CPMLE produced significant (p<0.01) reduction in spermatozoa count of rats and increased the percentage of sperm cells that are defective when compared to the control. Histopathological study of testes showed marked necrotic lesions and sloughing off of the germinal epithelium in rats given the highest dose of 400 mg kg-1 (Fig. 4). This may have been responsible for the low sperm count and the high percentage of defective sperm cells seen in rats in this group as compared to other groups.
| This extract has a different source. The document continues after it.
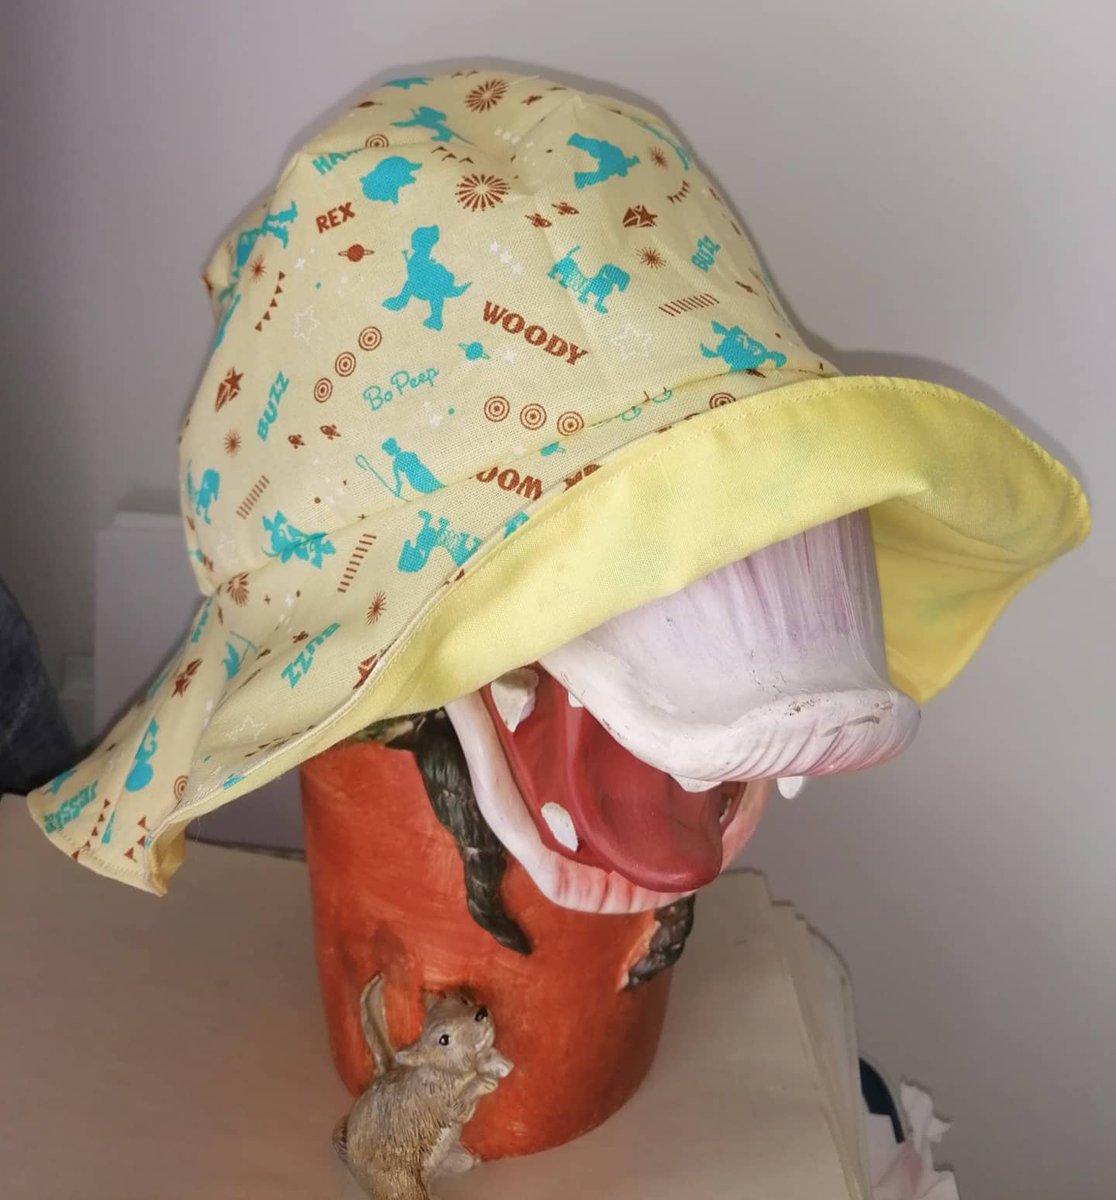 #toystory #sunhat #HandmadeInUK #worldwideposting #SmallBusiness #handmade #sewing #cotton https://t.co/mmjgjUBEi3

| Fig. 4: | Testis having sloughing-off germinal epithelium |
It has been found out that anti malarial remedies usually have anti fertility effects. Some of these compounds include chloroquine (Adeeko and Dada, 1998); Azadirachta indica, (Raji et al., 2004) Alstonia boonei (Oze et al., 2007) and dihydroartemisinin (Nwanjo et al., 2007). C. papaya has been known to be used in the treatment of malaria (Titanji et al., 2008; Arise et al., 2012). Thus, there is a possible relationship between its antimalarial and anti fertility activities. Aqueous extract of C. papaya leaves have been reported to produce similar anti fertility effects on male rats (Akinloye and Morayo, 2010). The exact mechanism by which of C. papaya leaves reduce sperm count is not known, but it has been suggested that the compound papain may cross the blood testis barrier to exert harmful effects on the seminiferous tubules of the testes (Akinloye and Morayo, 2010). Many researches have reported presence of proteins in both the sperm as well as the semen. Edwards et al. (1981) reported the presence of serum proteins (albumin, lactoferrin), glycoproteins, a kinase and prostatic.
These proteins nourish the sperm cell. In rats given CPMLE, the increased percentage of defective sperm cell could be due to the proteolytic action of the proteases in C. papaya: papain and chymopapain. These enzymes may have hydrolysed the semen proteins, making them unavailable for use by the sperm cells, thereby leading to malnutrition and defects seen in the cells.
CONCLUSION
The results obtained from this study calls for some level of caution in the use of these leaves in folkloric therapy of diseases. On the other hand, it could be a good source of drug for birth control. Further work will be conducted on C. papaya leaves to determine the exact mechanism of action for the changes seen in the semen as well as to identify the actual fractions of the extract that possesses these antifertility properties.